▸ **WORK INSTRUCTIONS**
Both the line with "braun and white" and the line with "Stuffed Plush Giraffe" in the records below must appear in the output, along with every line between them, exactly and with nothing added.

▸ **SUPPLIED ENTRIES**
^^^^
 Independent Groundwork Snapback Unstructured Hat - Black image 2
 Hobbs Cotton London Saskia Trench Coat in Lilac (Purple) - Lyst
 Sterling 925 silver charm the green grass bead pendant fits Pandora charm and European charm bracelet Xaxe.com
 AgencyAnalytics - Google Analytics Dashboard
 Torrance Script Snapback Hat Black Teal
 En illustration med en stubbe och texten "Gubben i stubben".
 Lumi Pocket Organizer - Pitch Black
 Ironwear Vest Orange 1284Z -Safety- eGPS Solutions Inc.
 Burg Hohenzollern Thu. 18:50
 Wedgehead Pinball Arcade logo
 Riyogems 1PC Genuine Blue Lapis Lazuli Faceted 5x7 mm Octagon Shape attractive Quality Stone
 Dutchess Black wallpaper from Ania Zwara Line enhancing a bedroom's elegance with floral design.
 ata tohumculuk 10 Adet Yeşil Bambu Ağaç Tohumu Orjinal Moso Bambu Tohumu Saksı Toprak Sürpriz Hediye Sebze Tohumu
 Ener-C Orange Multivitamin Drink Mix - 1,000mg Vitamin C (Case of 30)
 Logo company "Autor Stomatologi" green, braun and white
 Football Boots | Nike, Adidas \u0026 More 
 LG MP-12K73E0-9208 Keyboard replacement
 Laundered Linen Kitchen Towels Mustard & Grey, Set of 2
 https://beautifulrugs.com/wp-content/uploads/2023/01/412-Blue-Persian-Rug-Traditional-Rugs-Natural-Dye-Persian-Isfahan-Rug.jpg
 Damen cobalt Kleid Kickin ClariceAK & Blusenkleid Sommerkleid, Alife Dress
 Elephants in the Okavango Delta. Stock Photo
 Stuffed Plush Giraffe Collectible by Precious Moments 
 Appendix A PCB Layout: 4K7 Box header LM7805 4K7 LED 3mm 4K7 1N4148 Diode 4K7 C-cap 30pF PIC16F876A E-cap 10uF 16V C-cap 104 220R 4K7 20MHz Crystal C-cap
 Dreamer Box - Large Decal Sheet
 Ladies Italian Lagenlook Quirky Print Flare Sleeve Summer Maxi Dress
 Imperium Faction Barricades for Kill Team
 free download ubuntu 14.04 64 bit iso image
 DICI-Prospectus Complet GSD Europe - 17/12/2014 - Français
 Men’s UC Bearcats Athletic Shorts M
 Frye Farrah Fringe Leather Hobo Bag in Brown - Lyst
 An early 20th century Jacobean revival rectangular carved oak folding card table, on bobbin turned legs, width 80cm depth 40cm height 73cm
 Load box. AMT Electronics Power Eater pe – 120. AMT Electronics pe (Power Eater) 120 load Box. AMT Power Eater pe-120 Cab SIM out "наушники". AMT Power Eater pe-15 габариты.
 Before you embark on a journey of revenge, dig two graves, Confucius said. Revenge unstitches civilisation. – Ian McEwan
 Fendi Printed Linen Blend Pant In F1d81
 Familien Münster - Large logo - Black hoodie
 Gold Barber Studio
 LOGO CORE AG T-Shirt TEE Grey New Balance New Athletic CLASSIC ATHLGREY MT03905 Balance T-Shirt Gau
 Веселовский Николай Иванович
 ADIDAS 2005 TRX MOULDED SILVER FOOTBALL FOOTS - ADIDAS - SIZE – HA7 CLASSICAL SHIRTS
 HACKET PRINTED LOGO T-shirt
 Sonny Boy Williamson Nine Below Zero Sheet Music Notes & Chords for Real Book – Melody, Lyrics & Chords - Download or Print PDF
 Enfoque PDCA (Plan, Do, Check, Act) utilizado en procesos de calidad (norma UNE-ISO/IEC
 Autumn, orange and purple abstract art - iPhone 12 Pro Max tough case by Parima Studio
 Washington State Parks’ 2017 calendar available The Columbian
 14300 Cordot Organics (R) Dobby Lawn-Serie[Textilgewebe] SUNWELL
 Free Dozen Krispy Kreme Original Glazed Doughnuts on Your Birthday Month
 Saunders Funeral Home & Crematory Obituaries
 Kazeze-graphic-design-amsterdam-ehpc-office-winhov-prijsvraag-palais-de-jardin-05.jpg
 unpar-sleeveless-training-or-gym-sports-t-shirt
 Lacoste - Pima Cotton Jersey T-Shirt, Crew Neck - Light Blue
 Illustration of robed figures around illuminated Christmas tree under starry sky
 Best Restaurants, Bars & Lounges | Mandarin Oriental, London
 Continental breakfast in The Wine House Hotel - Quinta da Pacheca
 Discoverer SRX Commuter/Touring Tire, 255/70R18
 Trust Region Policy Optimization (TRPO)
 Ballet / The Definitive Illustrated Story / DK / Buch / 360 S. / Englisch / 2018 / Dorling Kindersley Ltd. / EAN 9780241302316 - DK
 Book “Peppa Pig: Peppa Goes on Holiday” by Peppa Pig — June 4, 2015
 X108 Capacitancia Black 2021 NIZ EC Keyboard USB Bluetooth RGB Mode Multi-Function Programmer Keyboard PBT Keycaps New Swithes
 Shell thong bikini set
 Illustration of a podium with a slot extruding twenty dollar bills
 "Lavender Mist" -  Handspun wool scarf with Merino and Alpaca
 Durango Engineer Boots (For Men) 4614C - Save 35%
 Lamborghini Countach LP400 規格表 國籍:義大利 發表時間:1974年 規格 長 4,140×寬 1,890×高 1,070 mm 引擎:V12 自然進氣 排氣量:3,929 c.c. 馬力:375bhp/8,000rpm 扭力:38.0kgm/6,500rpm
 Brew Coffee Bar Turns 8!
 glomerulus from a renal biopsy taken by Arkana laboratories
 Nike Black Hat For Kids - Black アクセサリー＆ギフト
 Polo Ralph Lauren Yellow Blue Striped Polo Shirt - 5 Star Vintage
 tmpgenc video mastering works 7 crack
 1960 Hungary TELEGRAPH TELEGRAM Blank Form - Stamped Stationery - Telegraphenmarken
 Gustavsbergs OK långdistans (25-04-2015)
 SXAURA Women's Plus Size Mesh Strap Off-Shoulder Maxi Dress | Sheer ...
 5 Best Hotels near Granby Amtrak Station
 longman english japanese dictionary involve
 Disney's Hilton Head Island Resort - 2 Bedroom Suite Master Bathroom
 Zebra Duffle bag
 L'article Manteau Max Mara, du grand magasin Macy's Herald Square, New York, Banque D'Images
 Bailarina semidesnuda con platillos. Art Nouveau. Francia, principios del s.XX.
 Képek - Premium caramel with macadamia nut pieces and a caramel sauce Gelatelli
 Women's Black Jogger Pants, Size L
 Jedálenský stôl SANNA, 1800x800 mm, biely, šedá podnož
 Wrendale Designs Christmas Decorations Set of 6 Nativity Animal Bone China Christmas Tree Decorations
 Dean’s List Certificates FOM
^^^^
▸ **OUTPUT FOR THIS EXERCISE**
 Logo company "Autor Stomatologi" green, braun and white
 Football Boots | Nike, Adidas \u0026 More 
 LG MP-12K73E0-9208 Keyboard replacement
 Laundered Linen Kitchen Towels Mustard & Grey, Set of 2
 https://beautifulrugs.com/wp-content/uploads/2023/01/412-Blue-Persian-Rug-Traditional-Rugs-Natural-Dye-Persian-Isfahan-Rug.jpg
 Damen cobalt Kleid Kickin ClariceAK & Blusenkleid Sommerkleid, Alife Dress
 Elephants in the Okavango Delta. Stock Photo
 Stuffed Plush Giraffe Collectible by Precious Moments 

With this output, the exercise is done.